Just watched the preview for SMO from the E3 presentation...

AND OMG THE HYPE IS SO REAL RN I CAN'T EVEN CONTAIN IT!!    

What's your favorite part of the game so far?
I personally love that Kevin (that's what I call the hat with eyes lol) can possess enemies, and they brought back Chain Chomps!! Like I am so hyped for this!!!! I get to see mah boiz in this brand spankin' new awesome 3D environment!!

What do yall think??

EDIT: Now that the game is out, please keep spoiler alerts in spoilers!


----------



## Superpenguin (Jun 13, 2017)

I like the moons.


----------



## xSuperMario64x (Jun 13, 2017)

Superpenguin said:


> I like the moons.



It's interesting how they went with this concept instead of power stars (if they have the same functionality, I'm assuming). 

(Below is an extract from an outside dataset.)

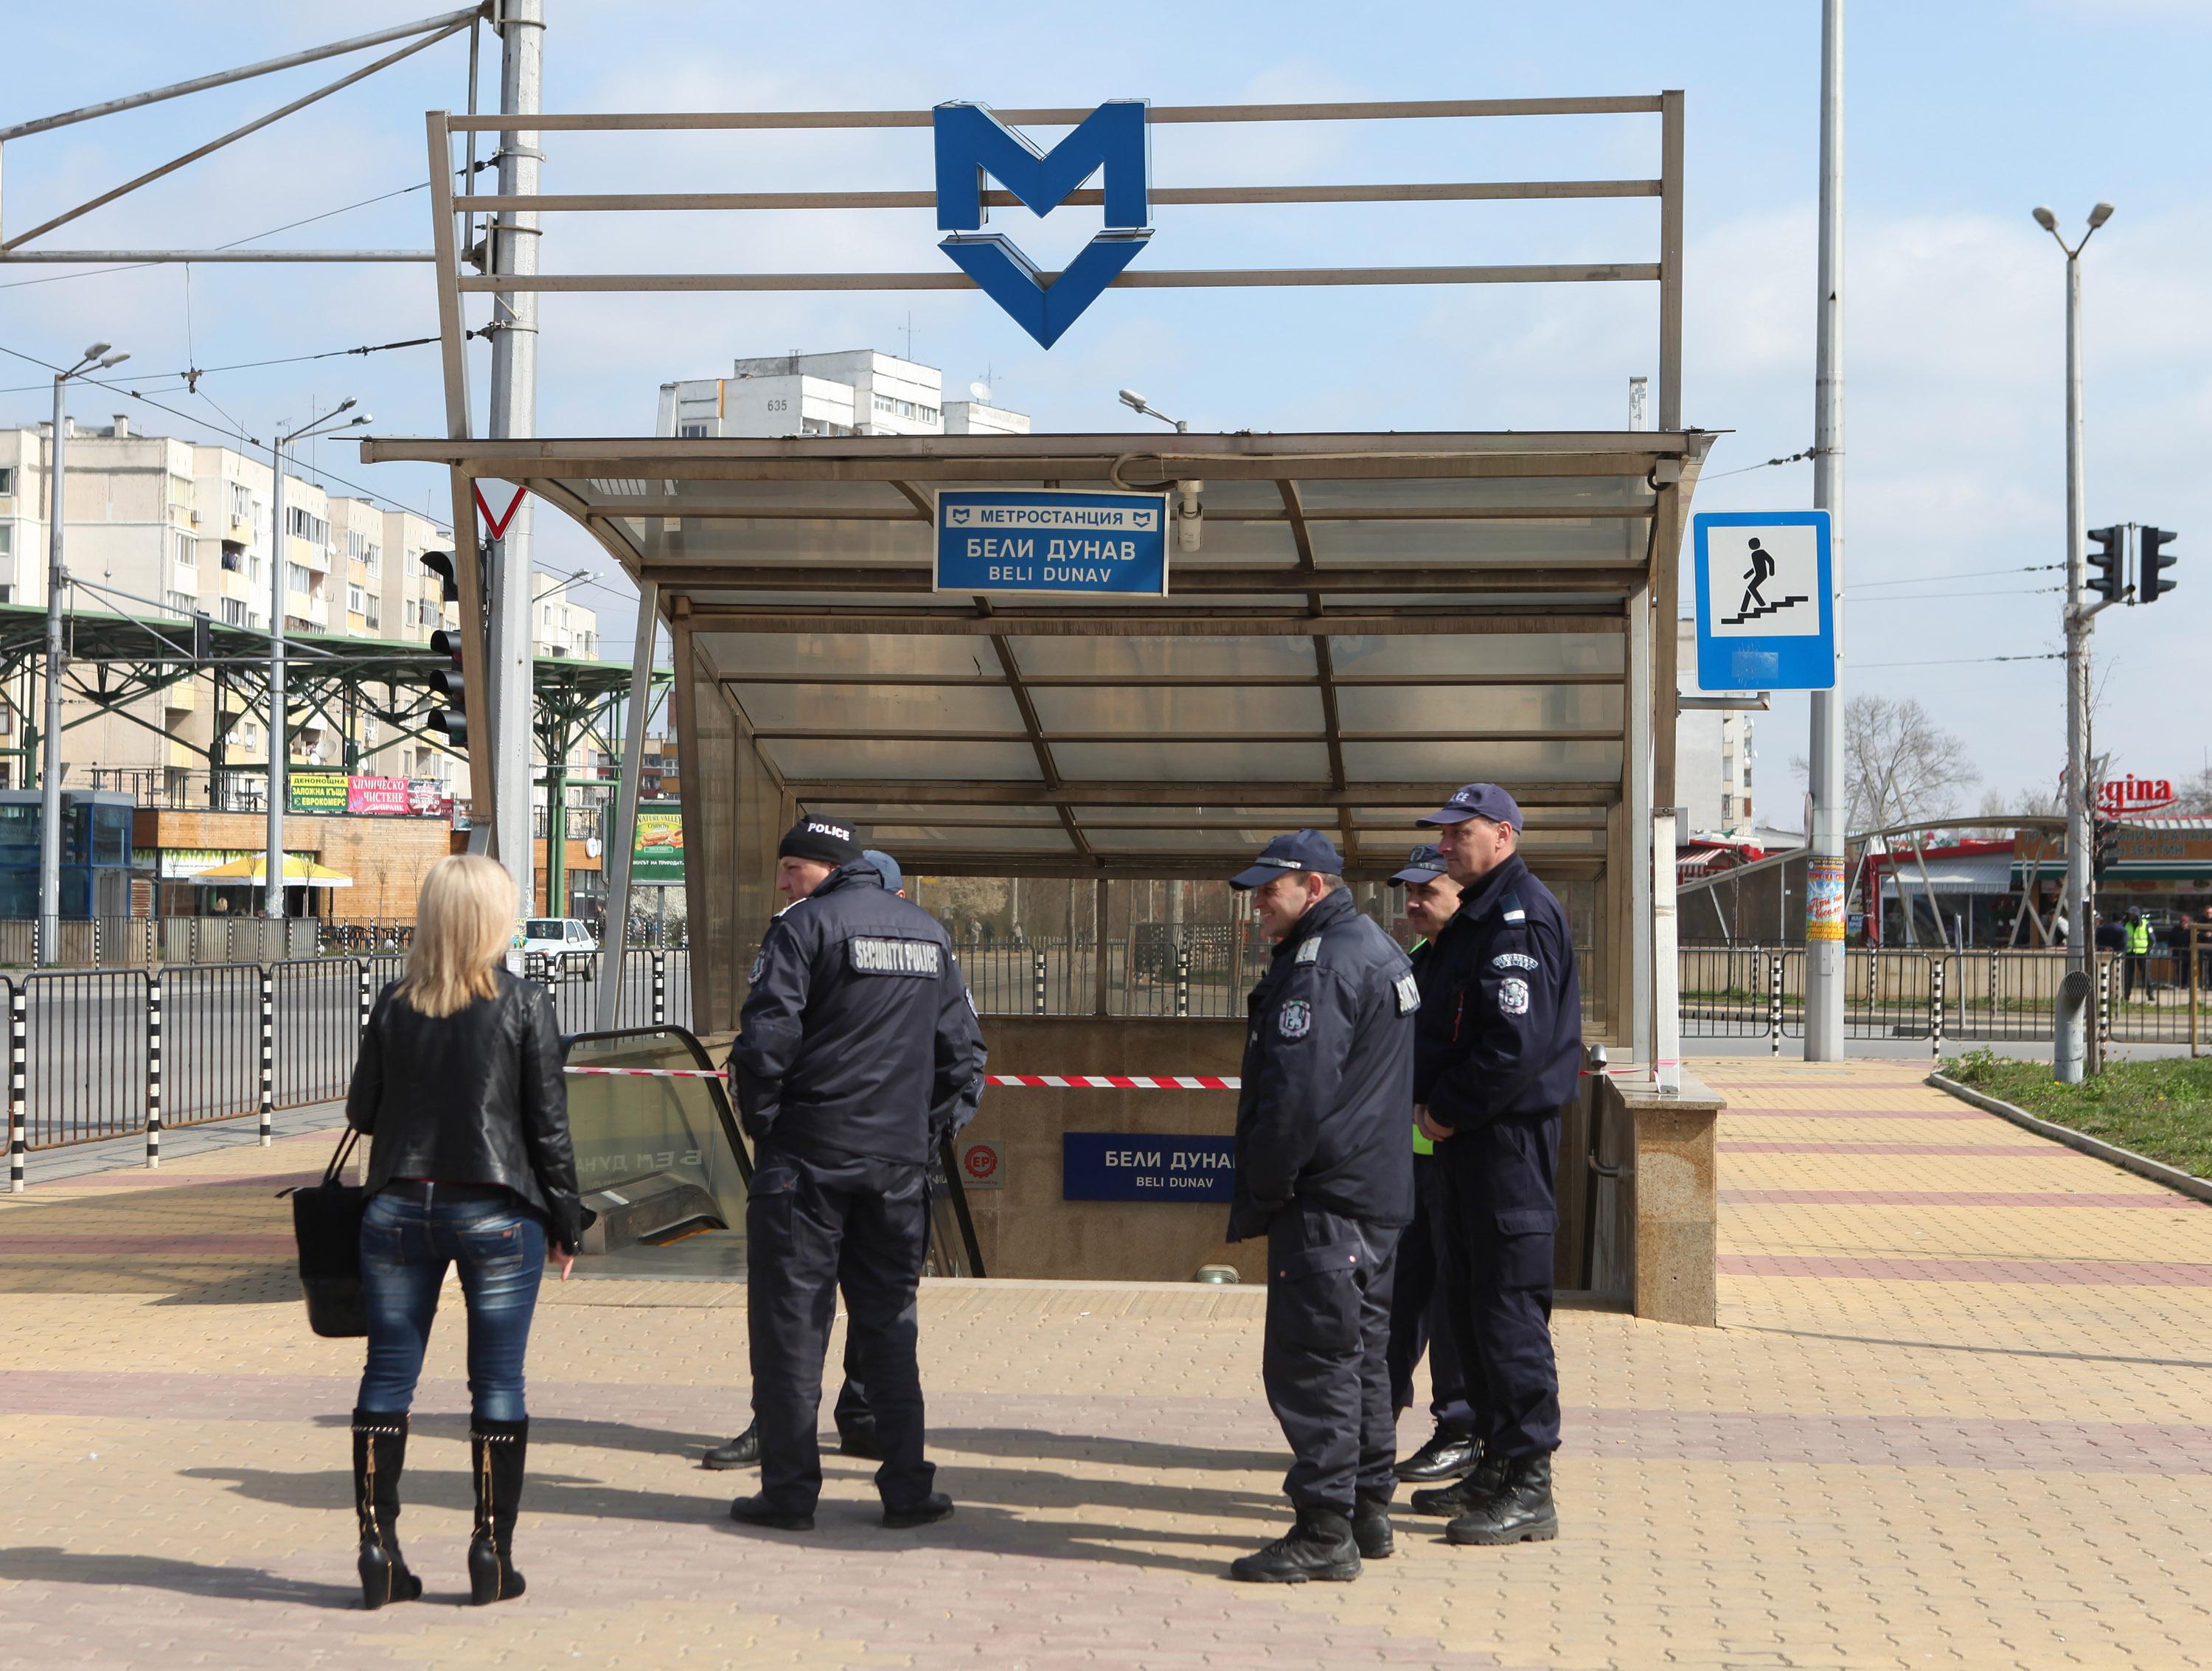 Сигнал за бомба затвори софийското метро при метростанция ”Бели Дунав”

As if they didn't make this game twisty enough


----------



## UglyMonsterFace (Jun 14, 2017)

I think it looks fantastic! I got some real Mario 64 vibes <3 I can't wait! ... Even though I don't even have a Switch yet.. Surely they'll get restocked soon..??


----------



## lars708 (Jun 14, 2017)

Honestly surprised that there wasn't a thread for this game already BUT OMG THIS GAME

JUMP UP 'CAUSE YOU KNOW THAT I'LL BE THERE
And if you find you're short on joy,
don't break, just don't forget that
YOU'RE STILL OUR 1-UP BOY


----------



## xSuperMario64x (Jun 14, 2017)

Arize said:


> I think it looks fantastic! I got some real Mario 64 vibes <3 I can't wait! ... Even though I don't even have a Switch yet.. Surely they'll get restocked soon..??

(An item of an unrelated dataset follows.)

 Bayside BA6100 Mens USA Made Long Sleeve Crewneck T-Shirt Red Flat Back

I honestly haven't been around any area that sold game systems since the Switch has been released, so I have no idea if there are shortages in my area.

I plan on buying one around the time when this game is released in late October 

- - - Post Merge - - -



lars708 said:


> Honestly surprised that there wasn't a thread for this game already BUT OMG THIS GAME
> 
> JUMP UP 'CAUSE YOU KNOW THAT I'LL BE THERE
> And if you find you're short on joy,
> ...



I know!! As soon as I watched the trailer I was like OMG I'M MAKING A THREAD FOR THIS IT'S TOO GOOD


----------



## JapaneseBlossom (Jun 14, 2017)

I'm quite excited for it! It looks fun, I've never played a Mario game like SMO, so I'm looking forward to it.


----------



## King Dorado (Jun 14, 2017)

I was walking in and out of the room during this part of Nintendo's presentation, but I took one look and said:  it's Grand Theft Mario!!


----------



## Bcat (Jun 14, 2017)

This seems really interesting to me. Idk how i feel about the 'mario in the real world' thing, but being able to possess enemies and other things, including a freaking t-rex seems really cool to me. 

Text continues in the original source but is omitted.